The Washington Supreme Court published its hotly-contested 5 to 4 decision in Schnall v. AT&T Wireless Services, Inc. on January 21. The decision will make it more difficult for plaintiffs to obtain certification of a nationwide class action in Washington state court, and its interpretation of the Washington Consumer Protection Act (”CPA”) should further hamper plaintiffs’ efforts to bring CPA claims as a class action.

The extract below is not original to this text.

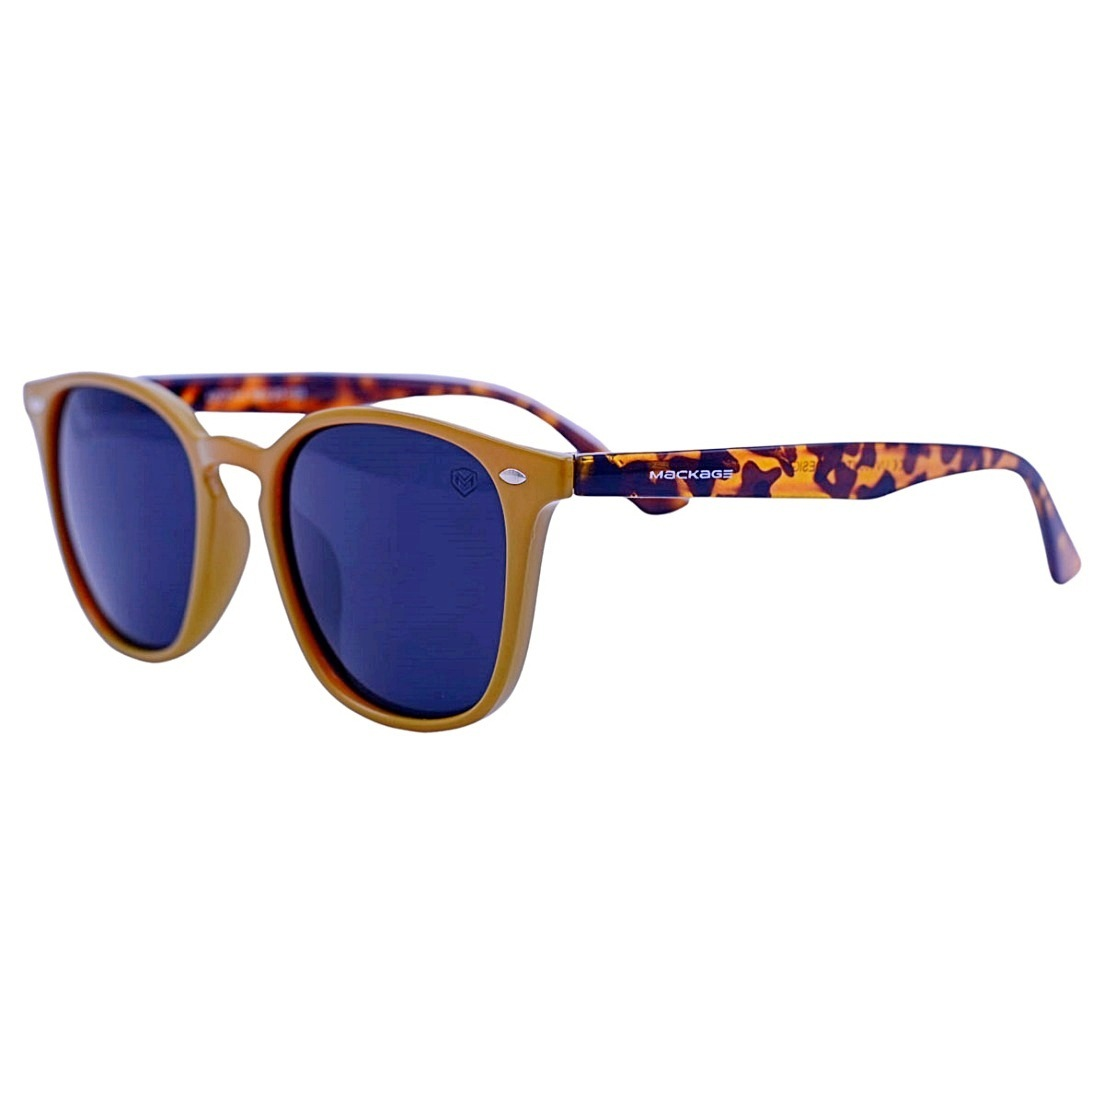 Óculos De Sol Mackage Unissex Acetato Quadrado Wayfarer - Mostarda/Tartaruga

The case arose from AT&T’s practice of billing customers for a charge assessed against AT&T by the Federal Communications Commission (”FCC”). The plaintiffs alleged that they were misled because this charge was not included in advertised rates or explained in billing statements. They brought claims for breach of contract and violation of the CPA. The trial court denied class certification, but the Court of Appeals reversed. On review, the Supreme Court held that the trial court’s decision to deny certification was proper, at least with respect to potential class members outside of Washington. The Court’s opinion addressed three main issues: (1) the effect of a choice-of-law clauses on class certification, (2) the CPA’s applicability to conduct and injury occurring outside Washington, and (3) the interplay between the CPA’s causation requirement and class certification.

Choice-of-Law Clauses. All of AT&T’s wireless service contracts contained a choice-of-law clause that required disputes arising from the contract to be decided under the law of the state in which the contract was made. After concluding that the clauses were enforceable, the Court then considered their effect on nationwide class certification. The Court recognized that there were significant differences in the contract law in the various states and, therefore, the plaintiffs could not show that common legal and factual issues would predominate over individual issues. The Court rejected the Court of Appeals’ suggestion that subclasses and master’s hearings could “sort out the morass” of addressing variations in state law. Finally, the Court concluded that a nationwide class action was not a superior method of adjudication since the sheer number of AT&T customers in each of the 50 states made statewide class actions a viable alternative.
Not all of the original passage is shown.